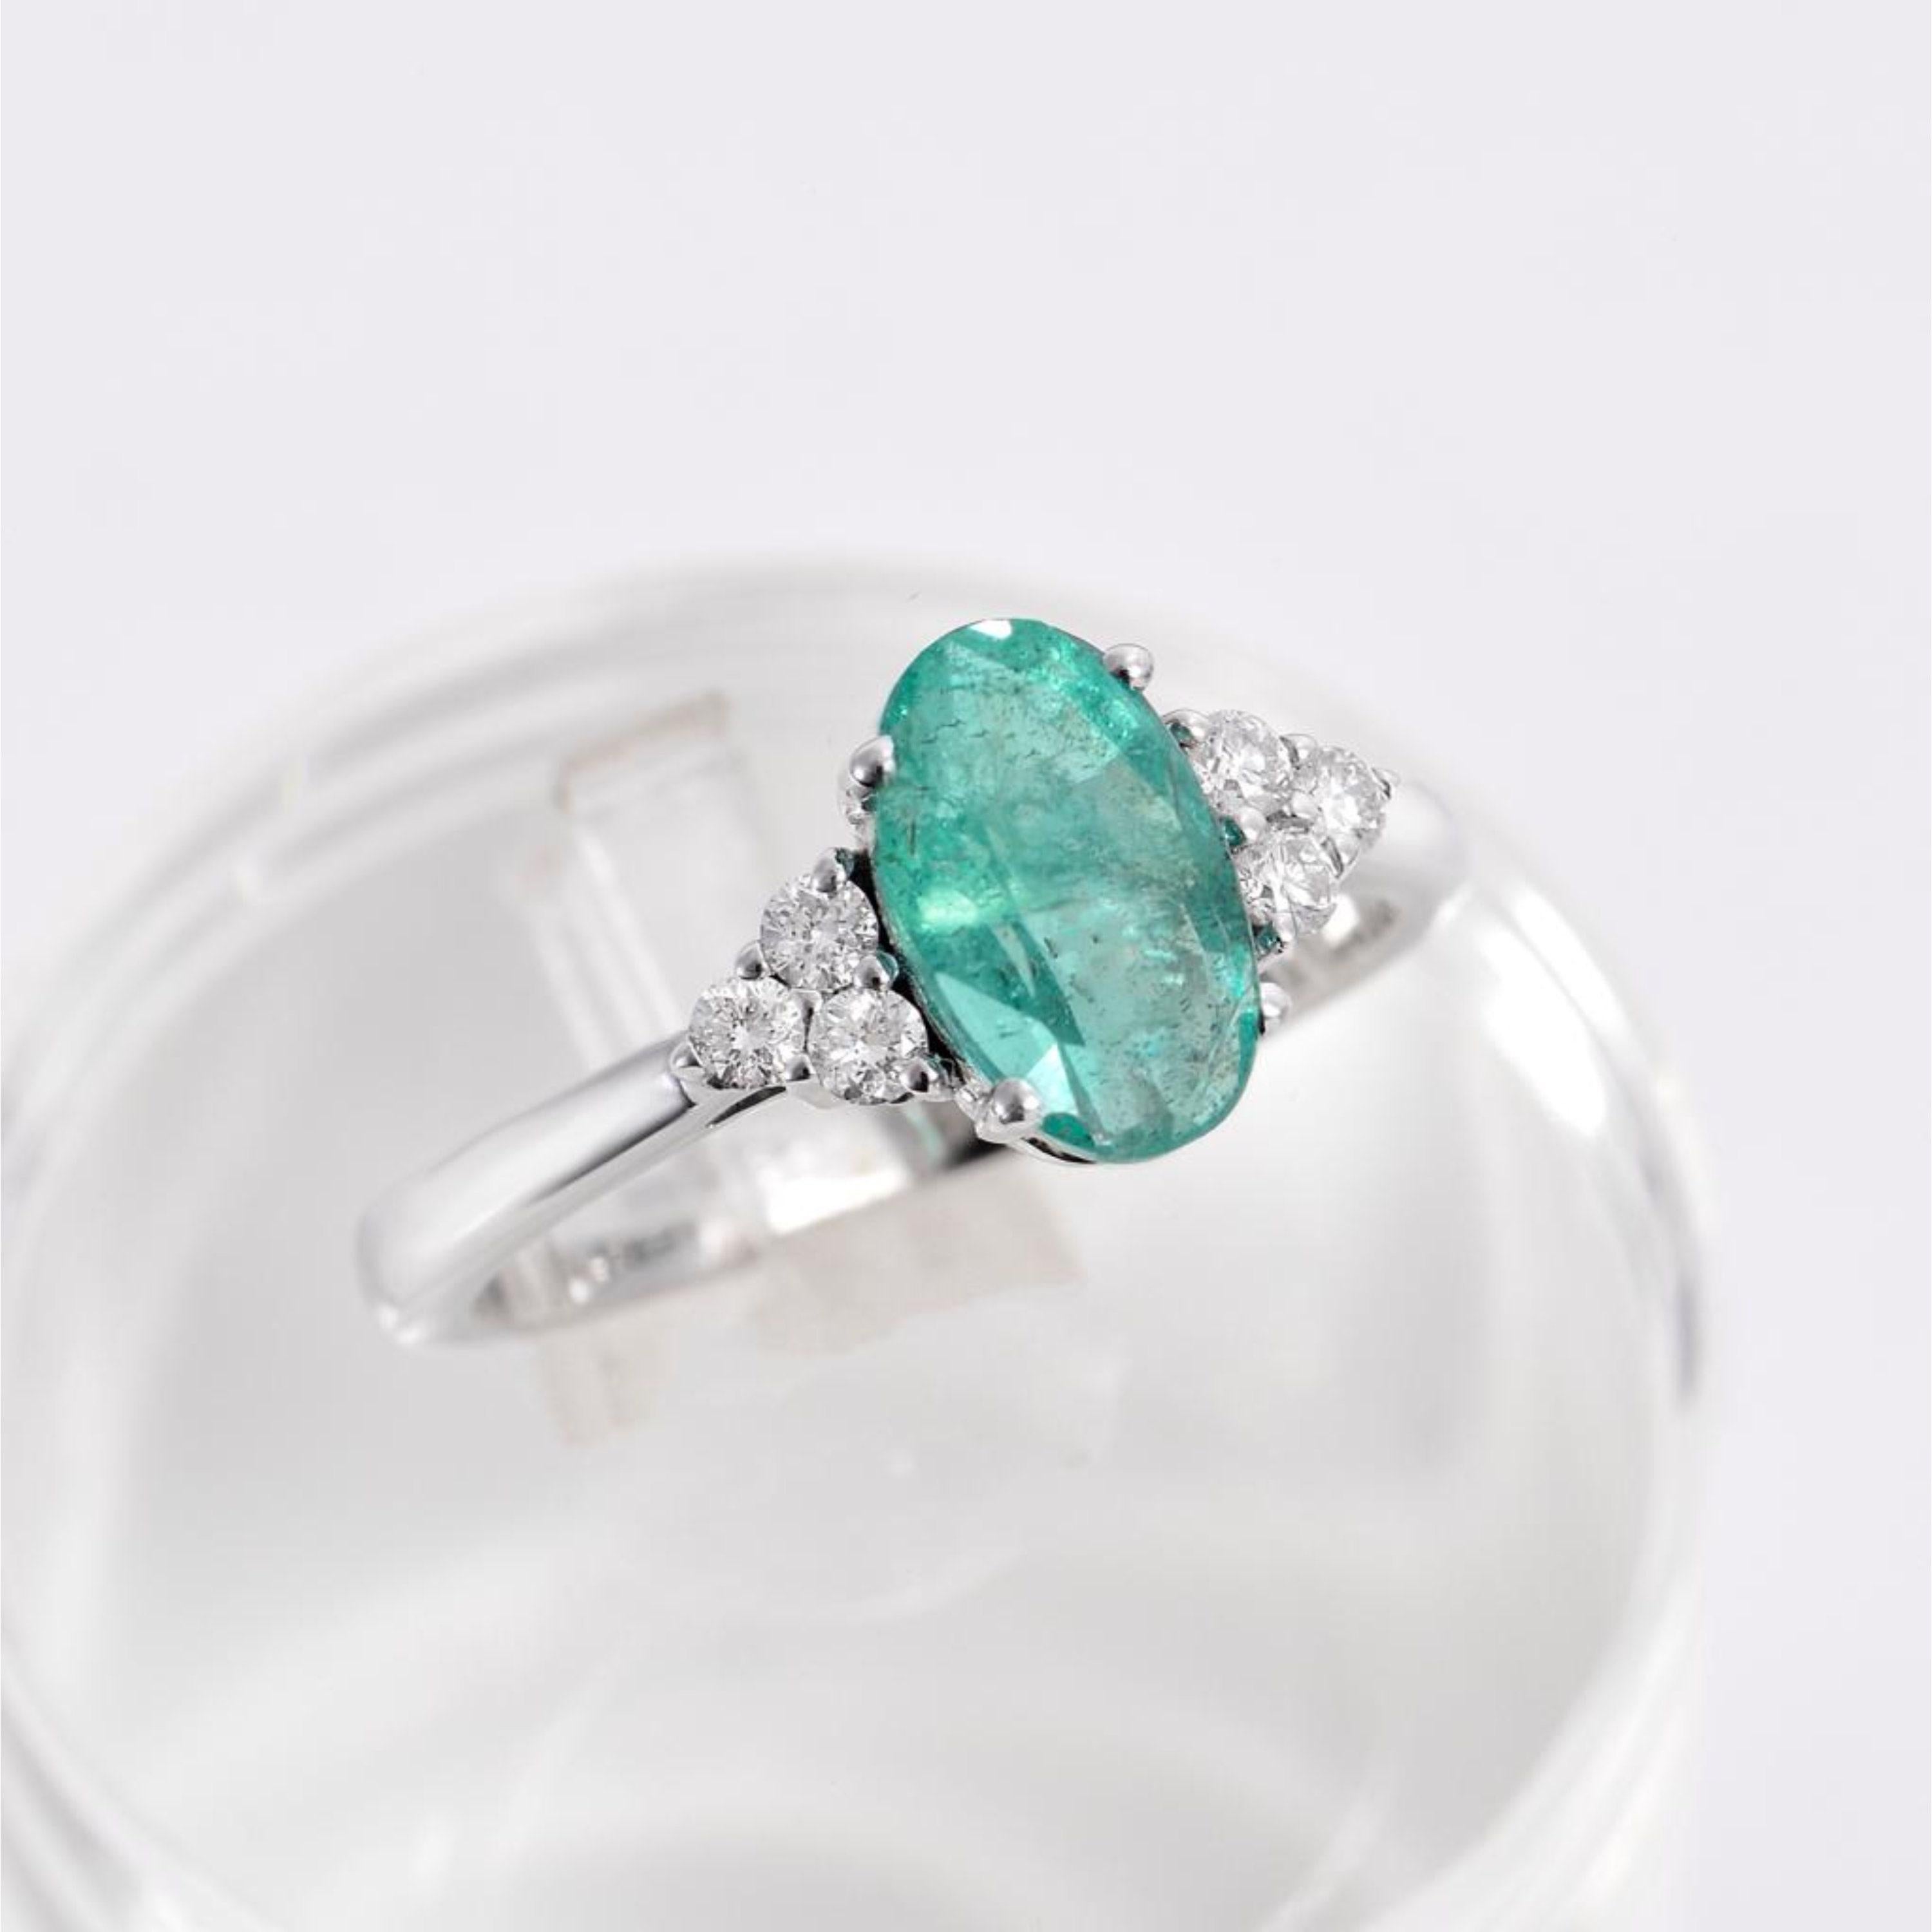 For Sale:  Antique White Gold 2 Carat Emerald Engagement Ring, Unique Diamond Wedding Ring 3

----

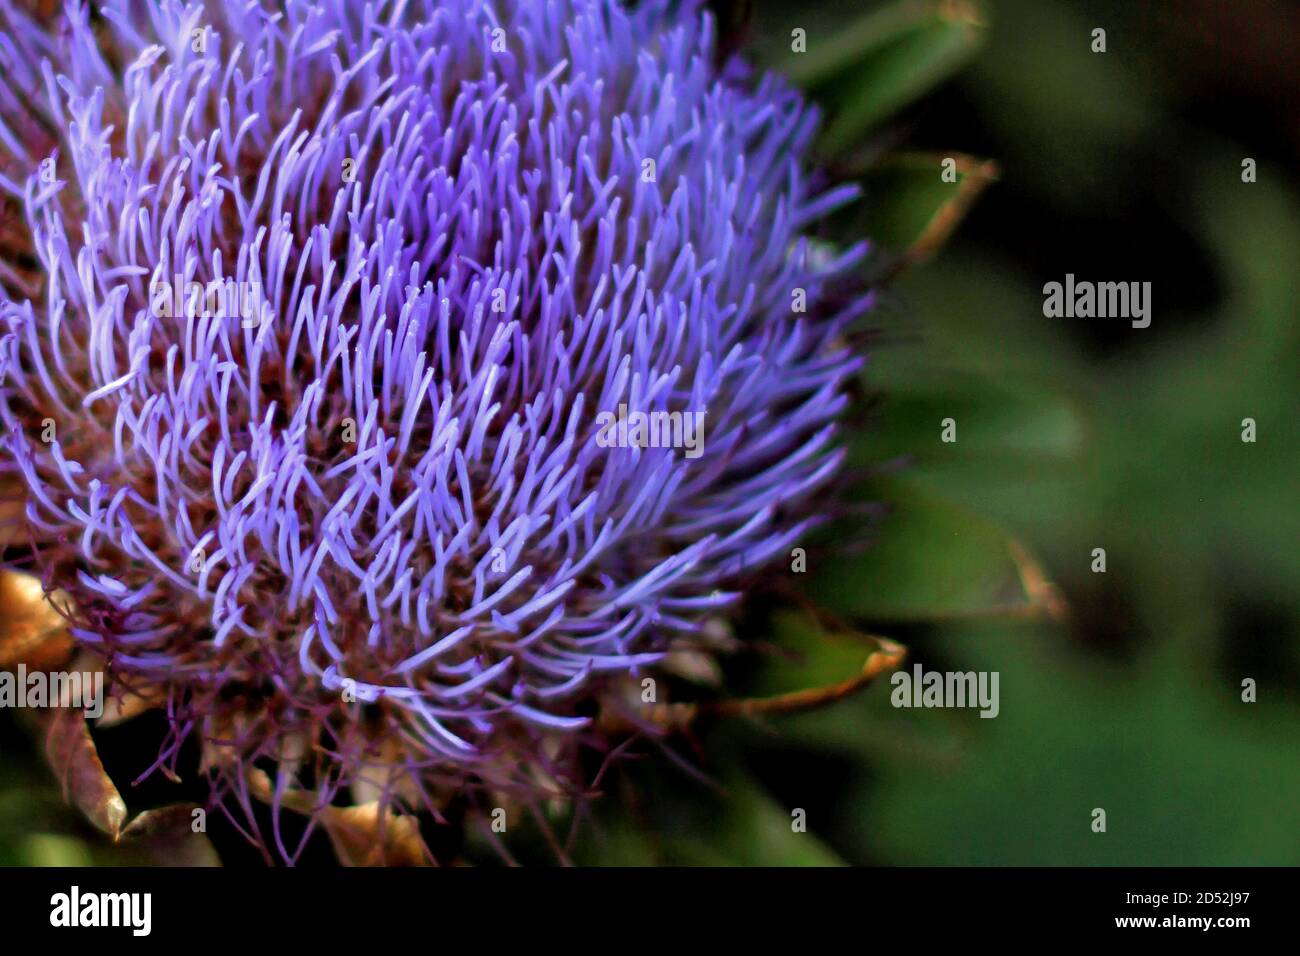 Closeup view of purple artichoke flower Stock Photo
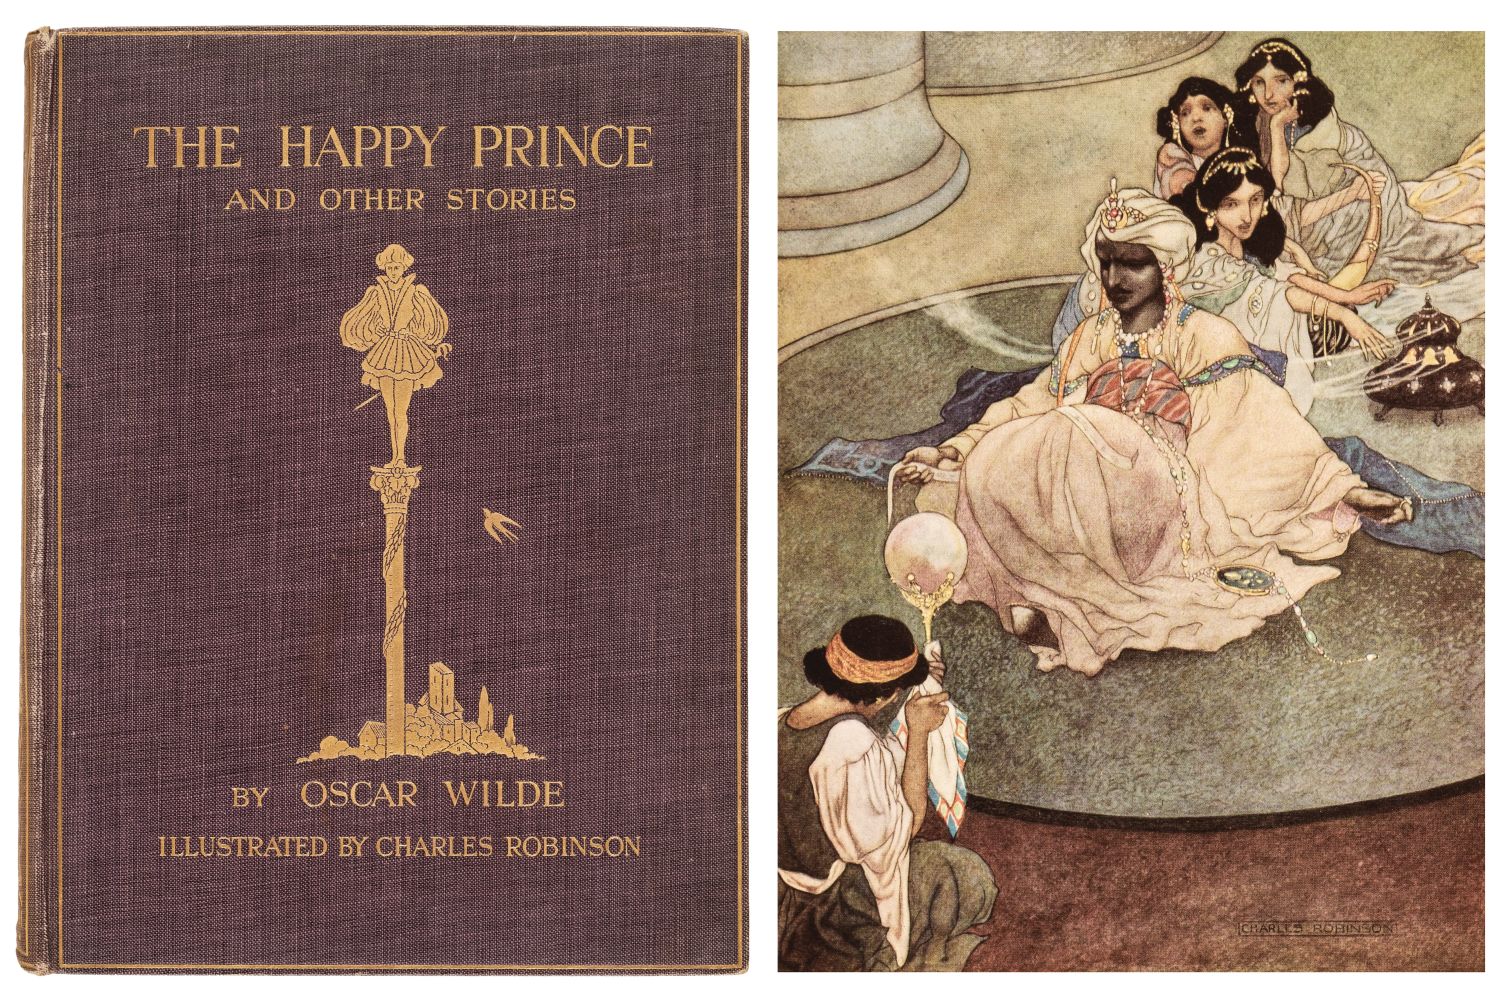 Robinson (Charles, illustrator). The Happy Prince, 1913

----

- [What you will do]:
In the data above, the stretch from the line with "Closeup view of" through the line with "Robinson (Charles, illustrator)." is to be returned exactly, minus any pictures.

- [Task answer]:
 Closeup view of purple artichoke flower Stock Photo
 Robinson (Charles, illustrator). The Happy Prince, 1913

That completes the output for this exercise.